__Task item__:
Each line of the material should be set down exactly. Pictures are not part of the copy.

__Dataset excerpt__:

*** Block opens ***

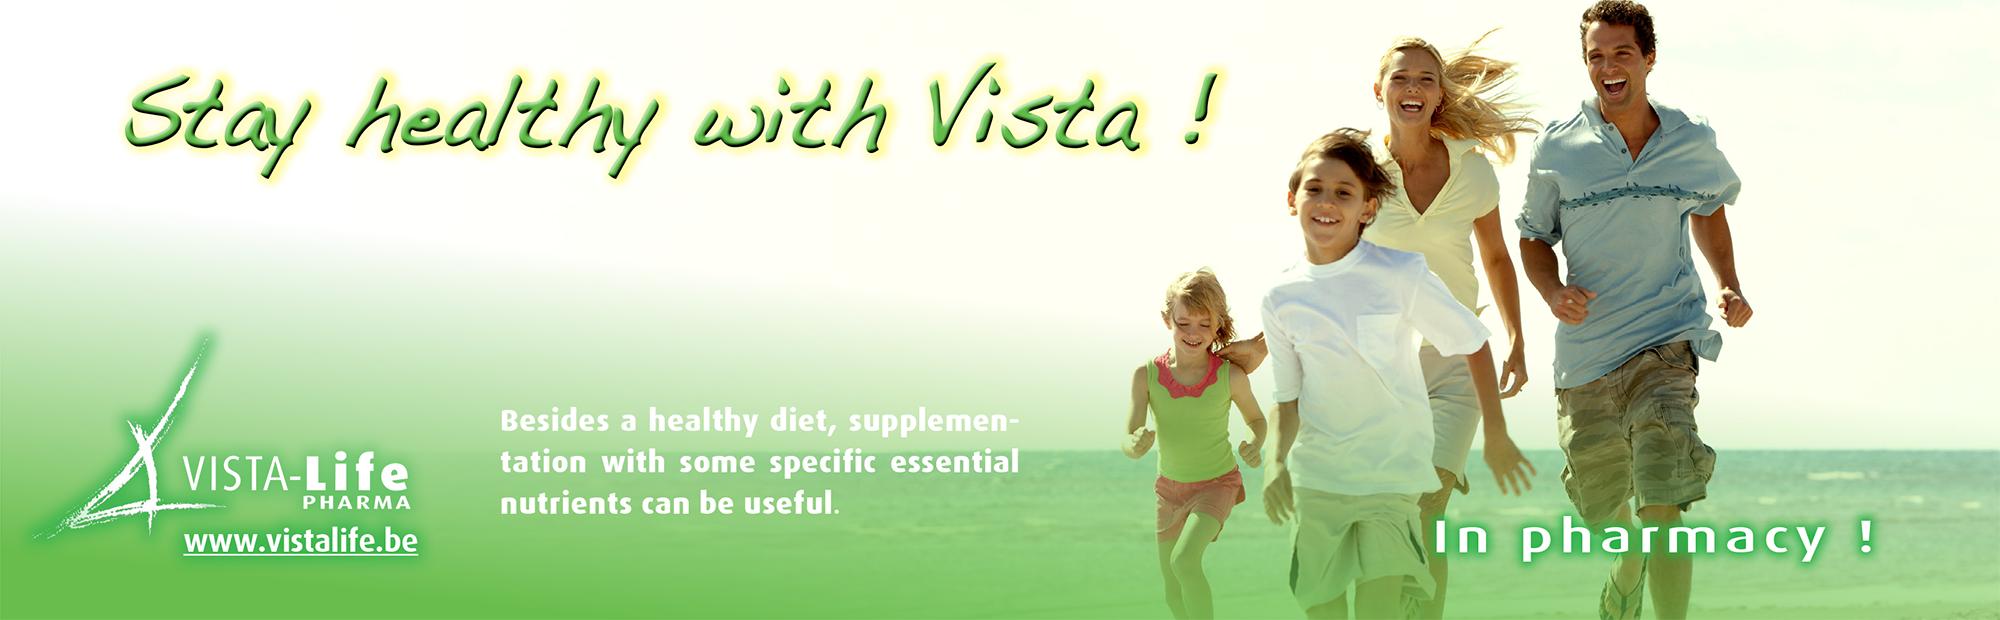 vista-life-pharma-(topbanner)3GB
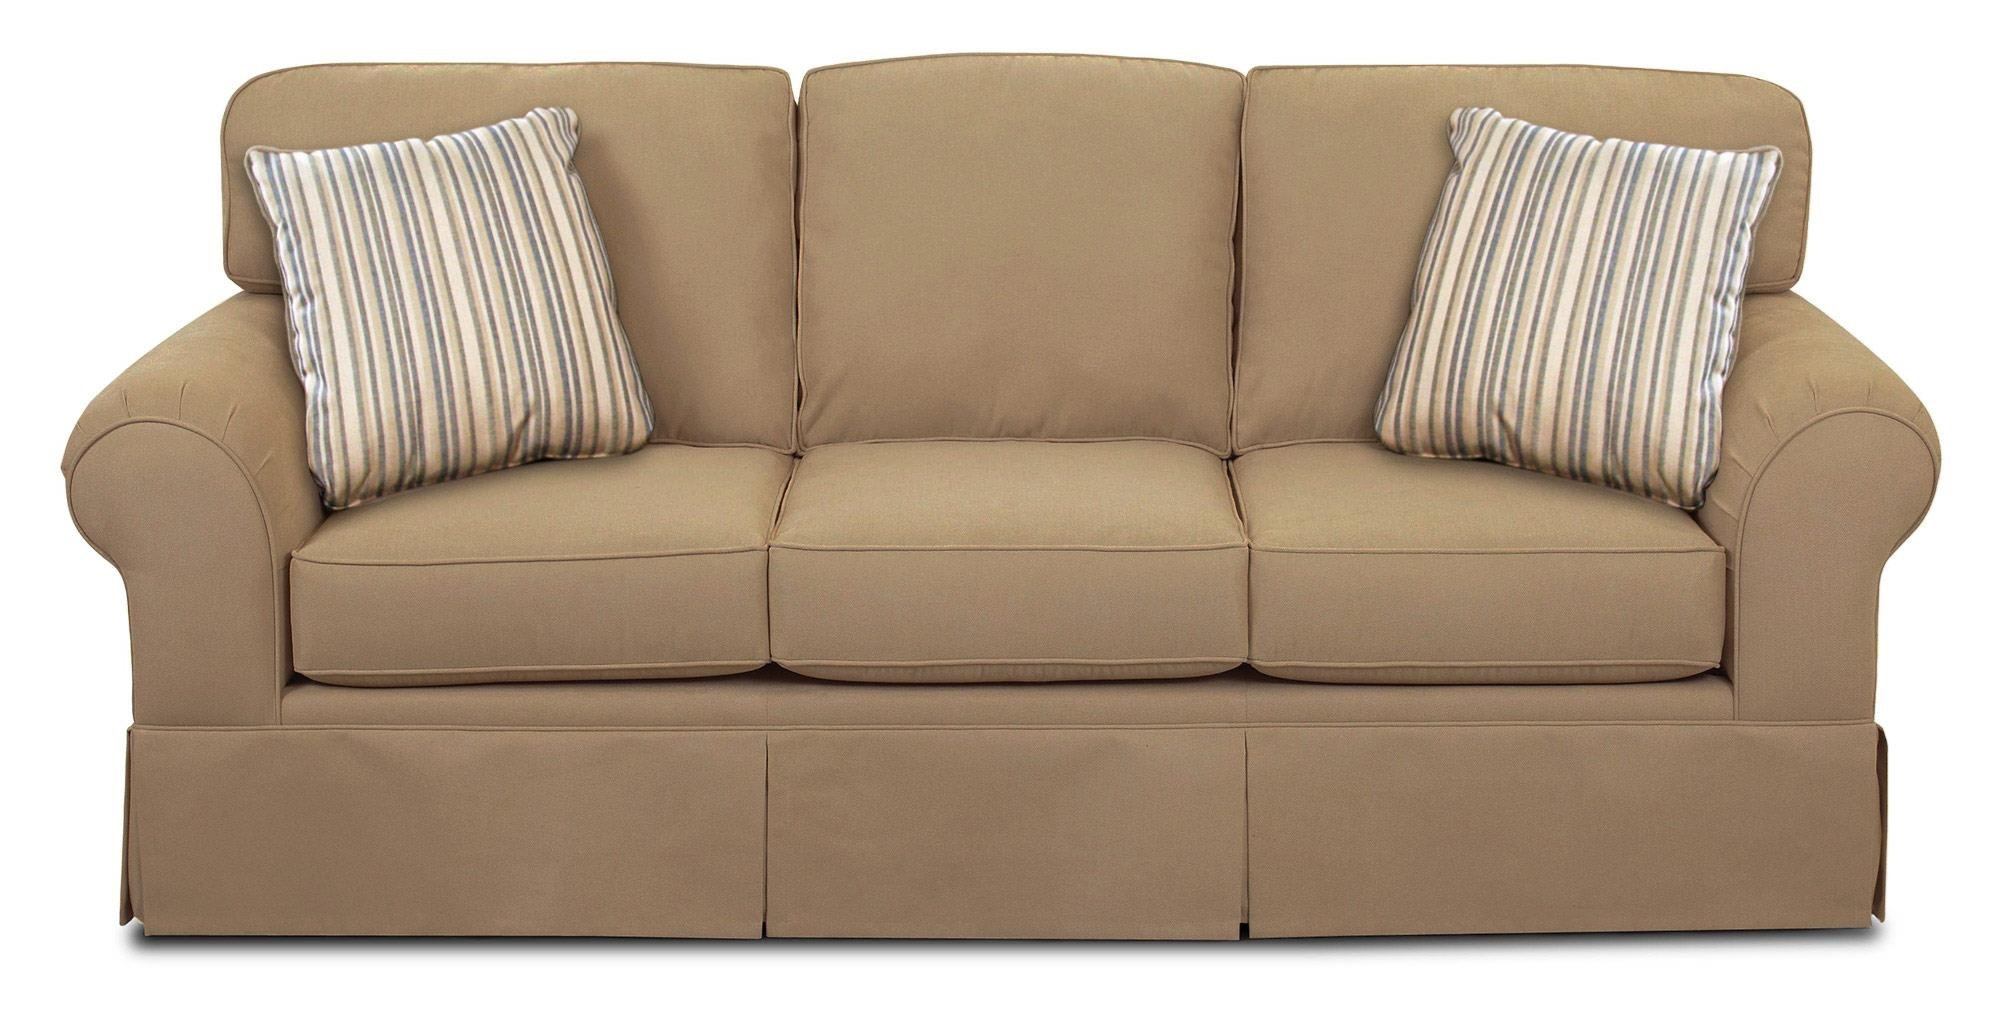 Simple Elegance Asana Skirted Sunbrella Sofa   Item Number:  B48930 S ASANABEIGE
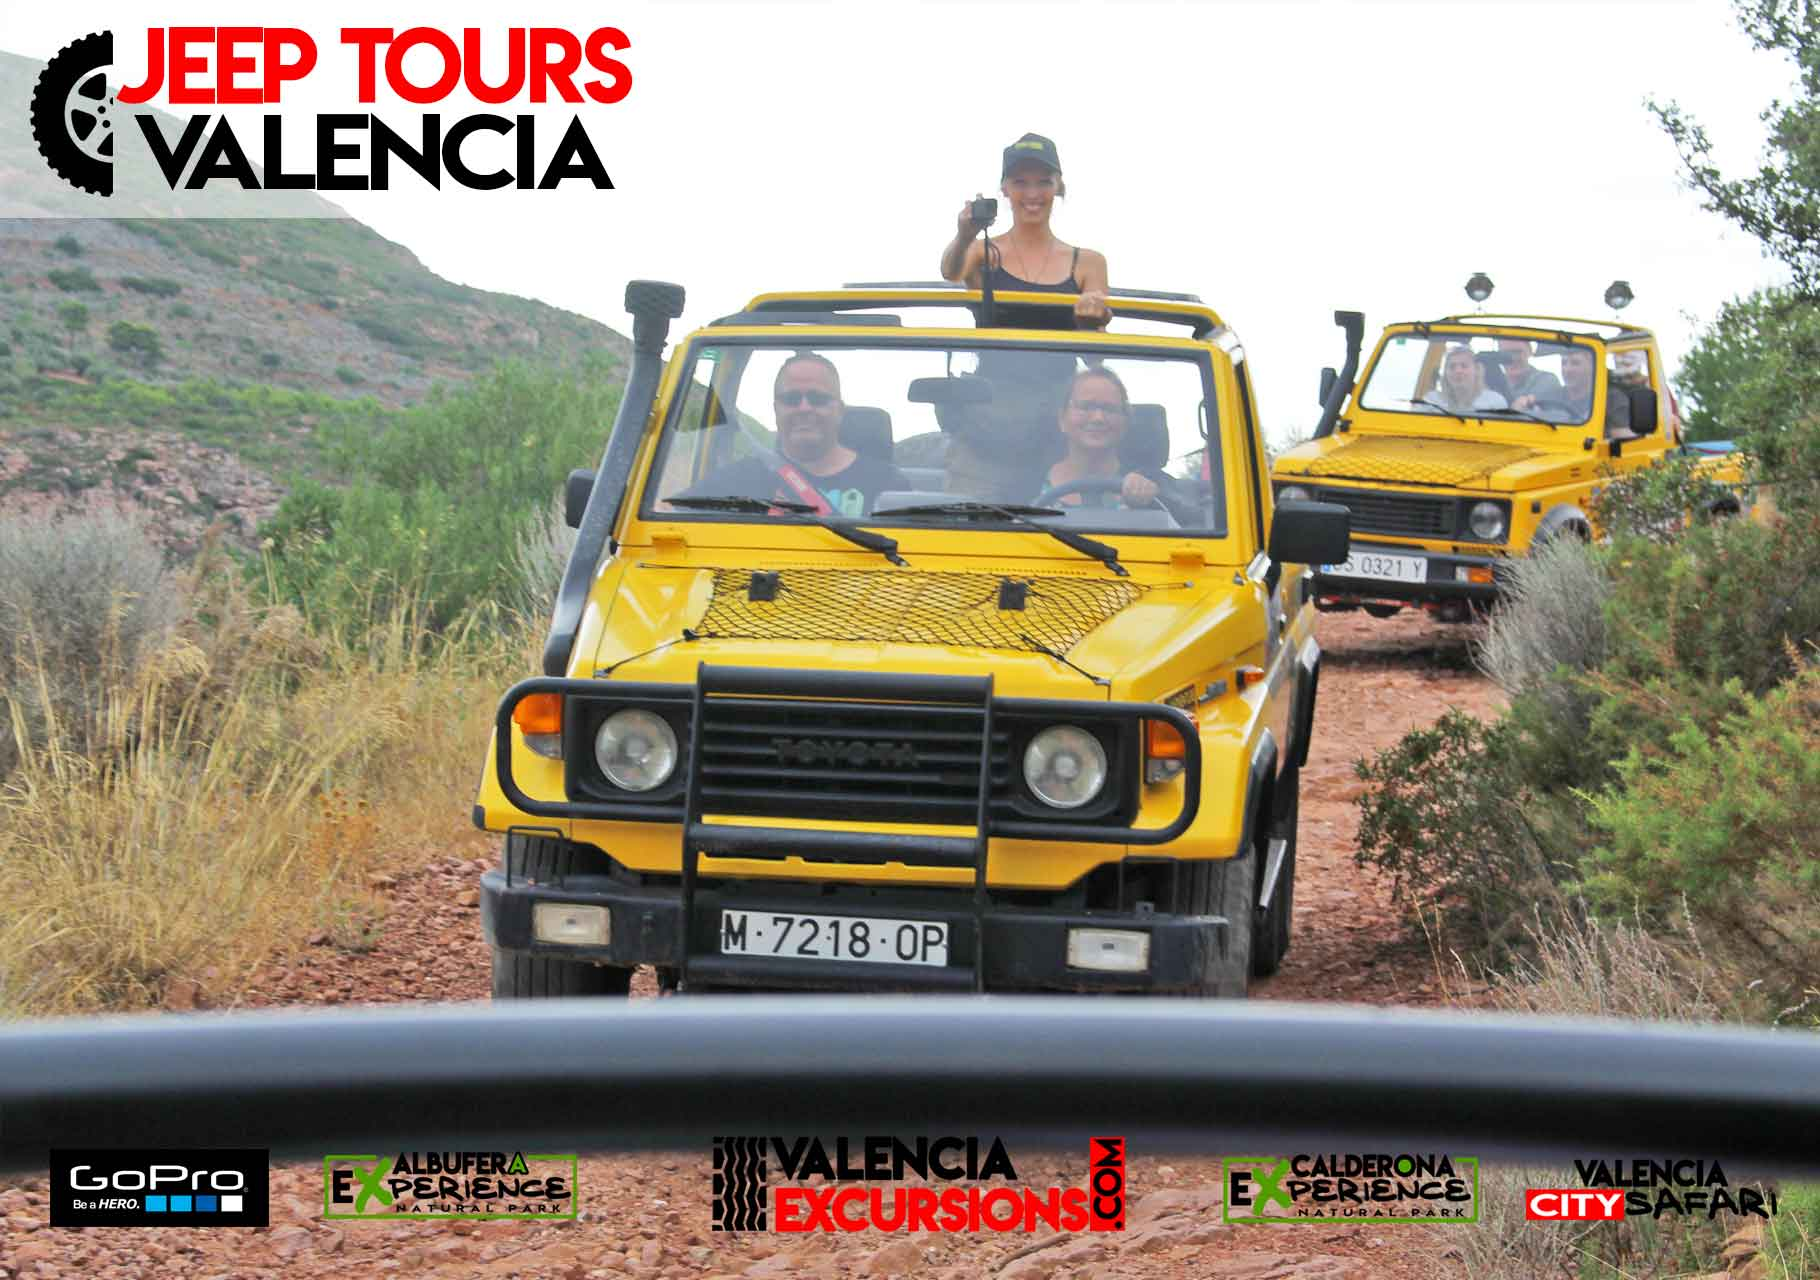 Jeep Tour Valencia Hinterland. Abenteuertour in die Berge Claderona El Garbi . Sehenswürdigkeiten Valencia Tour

*** Block closes ***

__Answer section__:
 vista-life-pharma-(topbanner)3GB
 Simple Elegance Asana Skirted Sunbrella Sofa   Item Number:  B48930 S ASANABEIGE
 Jeep Tour Valencia Hinterland. Abenteuertour in die Berge Claderona El Garbi . Sehenswürdigkeiten Valencia Tour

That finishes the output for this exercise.